You're not responsible for your irresponsible behavior


December 10, 1990|By Mike Royko | Mike Royko,Tribune Media Services

FRANCISCO Merino was drunk. He admitted it under oath. He says he got drunk on his own, pouring down several beers after a hard evening of work.

That doesn't make Francisco Merino unusual. Every day, when people leave their jobs, a certain number of them stop for drinks to unwind or socialize. Some overindulge, as Francisco says he did.

And of those who have a few too many, some will get into trouble. There's no end to the variety of foolish things they do. The cops will pinch some for drunken driving or brawling. Others will get off easier, with a lecture by an angry wife.
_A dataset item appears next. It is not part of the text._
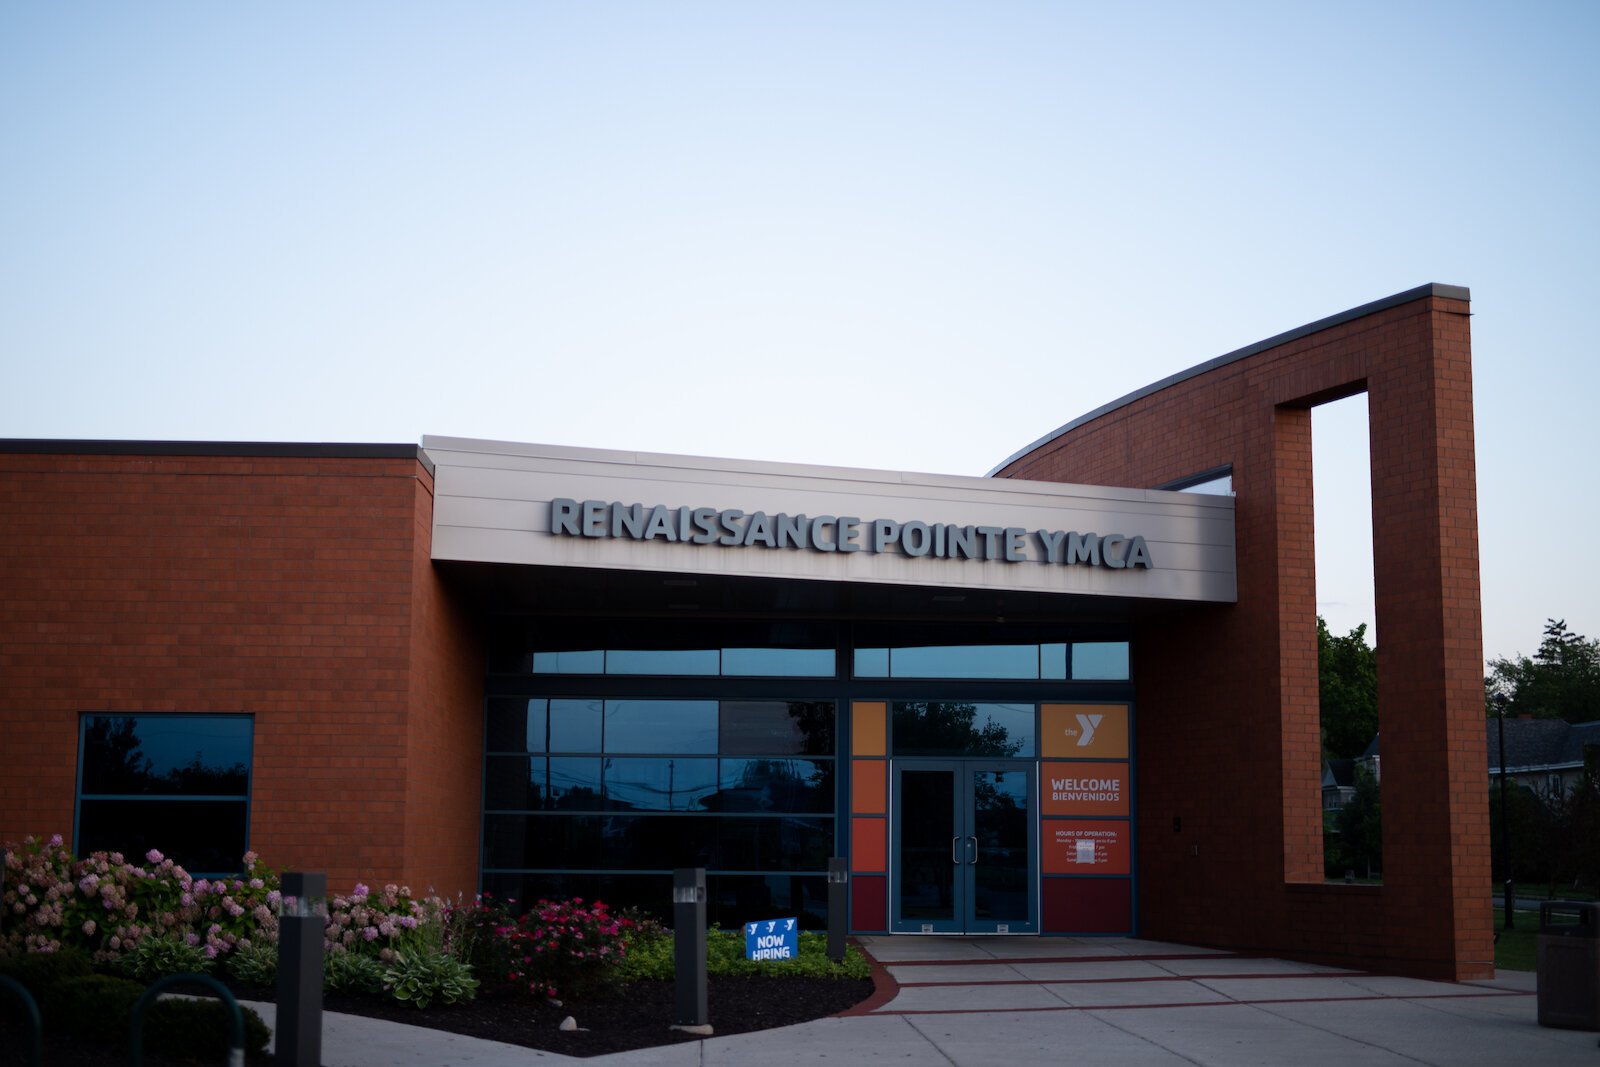 The Renaissance Pointe YMCA is a community focal point in South East.

An unlucky few will run their cars into light poles or trees and end up in hospitals or hearses.

Francisco was one of the unlucky ones, although he didn't quite make it to a hearse.

The night he got sloshed, Francisco intended to go home by way of the New York subway. He says he stumbled or lurched and somehow fell off of the platform as a train was pulling into the station.
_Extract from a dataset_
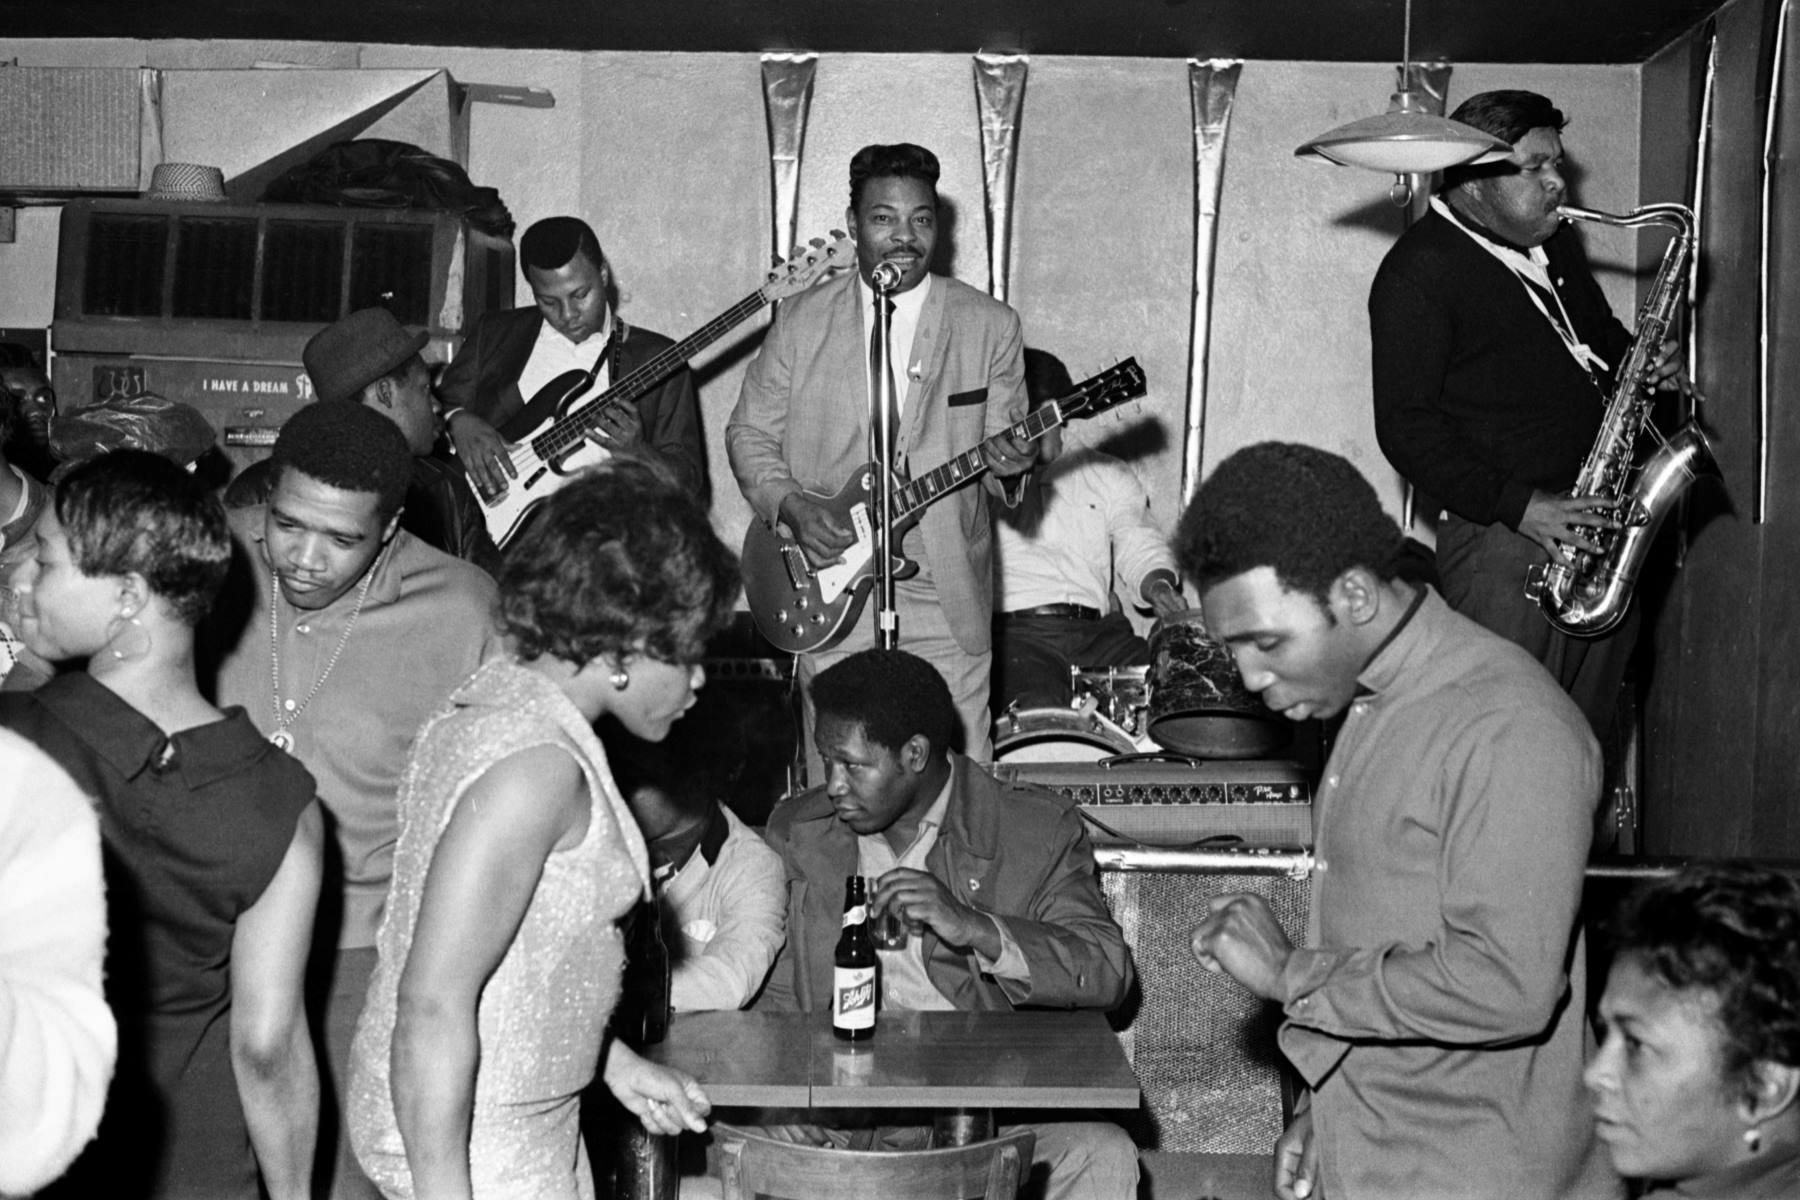 What Effect Did The Great Migration Have On The Popularity Of Jazz?

The train hit him, and the doctors had to remove one of his arms.

So whose fault was that? While one can sympathize with Francisco for losing an arm, I think most people would say that he brought it on himself.

But that's because most people aren't lawyers. Or members of the jury that heard Francisco's case.

You see, after Francisco got drunk, fell off a subway platform and lost an arm, he did what most people in our society do when they have a problem -- he looked around for somebody to sue.

Actually, his lawyers probably did the looking, since Francisco, 31, is a Mexican who was working as a dishwasher and wouldn't have had the legal scholarship to reason that his getting drunk and falling off a subway platform was somebody else's fault.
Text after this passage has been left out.